Presumably, Apple’s support reps won’t just be reading the AI tool’s responses verbatim. Instead, these are intended to give them the background information that they can then put into the context of the customer’s specific situation.

MacRumors says that the tool is being tested by a subset of AppleCare support advisors, who are being asked to use it before falling back to traditional search methods or consulting a senior advisor for help. “Ask” is tied into Apple’s internal knowledge base, which means anything coming out of it should be “factual, traceable, and useful.” Advisors can ask up to five follow-up questions for a given topic to help narrow things down.
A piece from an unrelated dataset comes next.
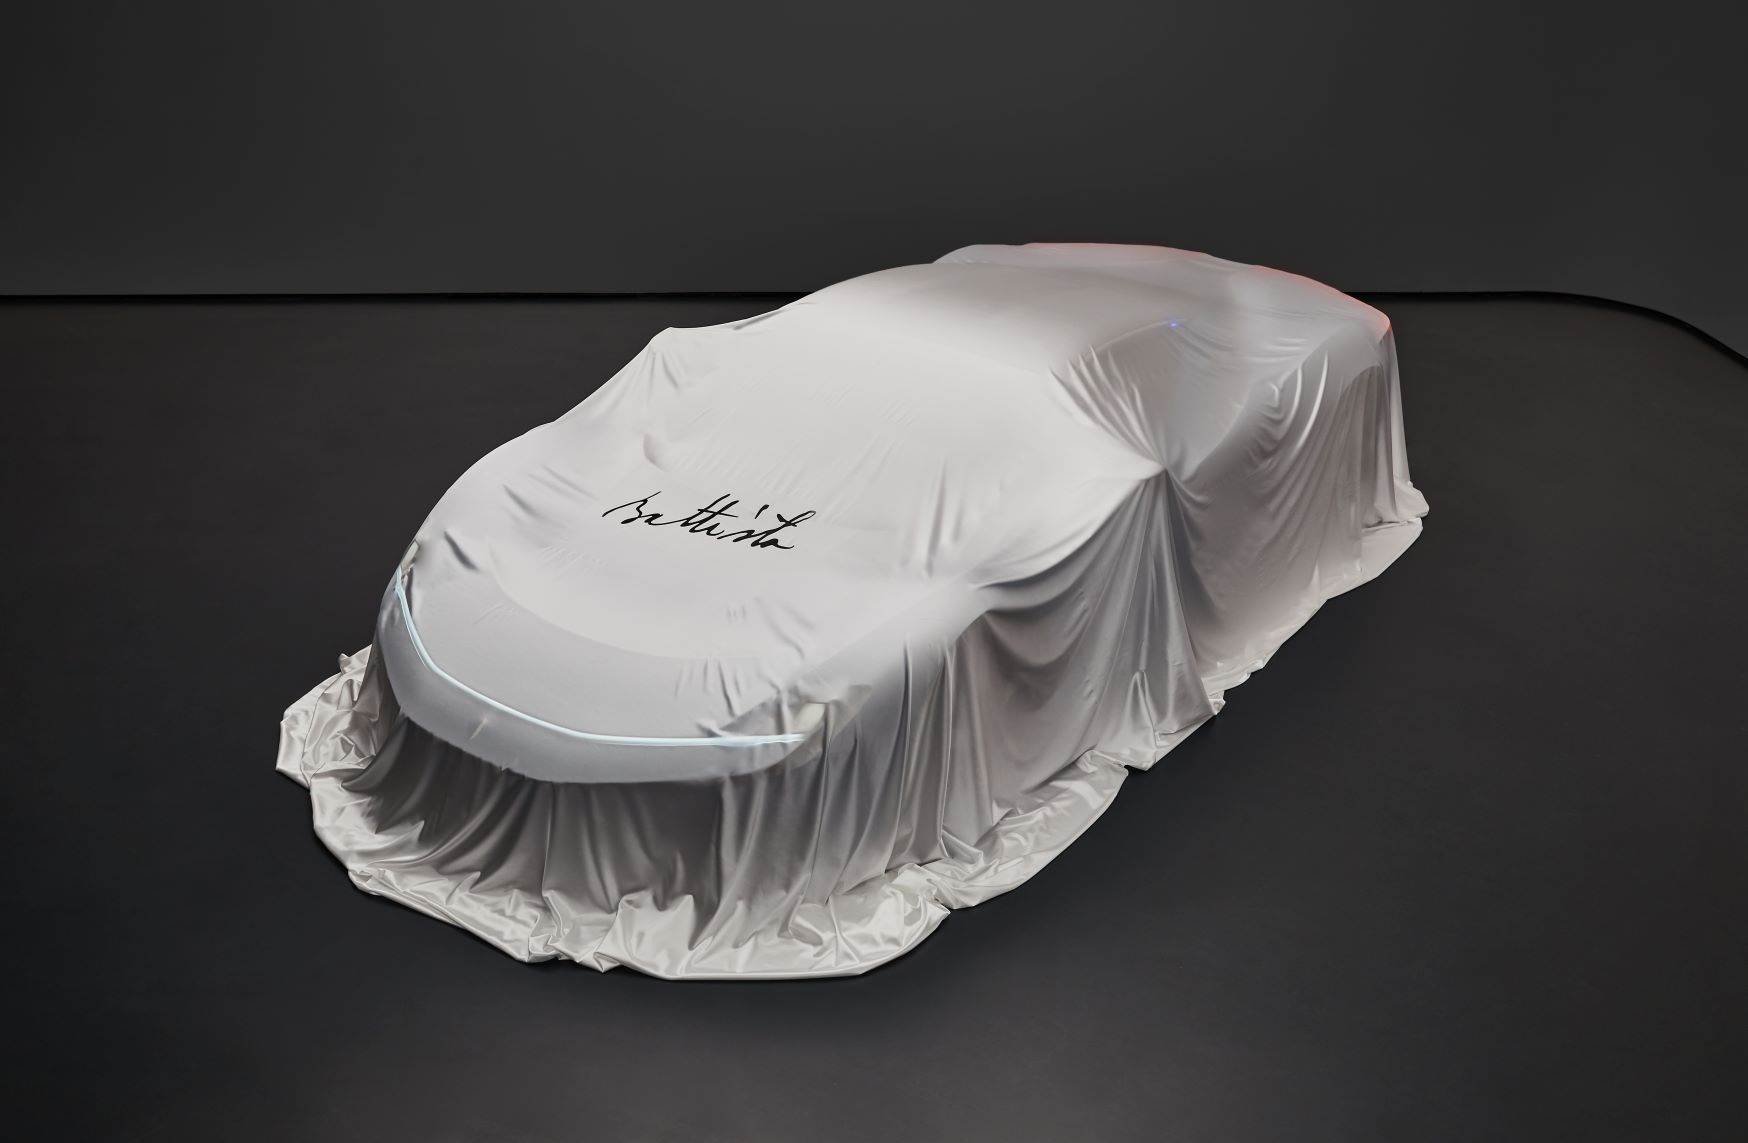 Automobili Pininfarnia's electric hypercar named Battista

Since most frontline support reps don’t have all the answers themselves, it’s common for them to need to go in search of specific answers when presented with thorny problems by customers. However, zeroing in on a solution can sometimes be tricky with traditional search methods, and Apple is hoping that “Ask” will ferret out the relevant details more quickly, resulting in faster resolutions for customer problems.

Earlier this month, Bloomberg’s Mark Gurman reported on several new AI initiatives within Apple, including its work on the Siri improvements we’ll likely see in iOS 18 and the first hint of Apple’s plans to leverage it for AppleCare support.

The company has also continued to hone its own LLMs to enhance Siri and services like AppleCare support. The company is looking to improve Siri’s ability to answer complex questions accurately, and the customer service teams are trying to speed up chat and phone support. Apple is also heavily invested in integrating AI into its health features.

Mark Gurman

This new “Ask” tool is most likely what Gurman is talking about. However, it sounds like Apple may use the same large language models (LLMs) to enhance Siri. We’ll probably get Apple’s first official word on this in June when it unveils iOS 18 at its annual Worldwide Developers Conference (WWDC). Who knows? Someday you may even be able to ask Siri for help with your iPhone or Mac before calling AppleCare.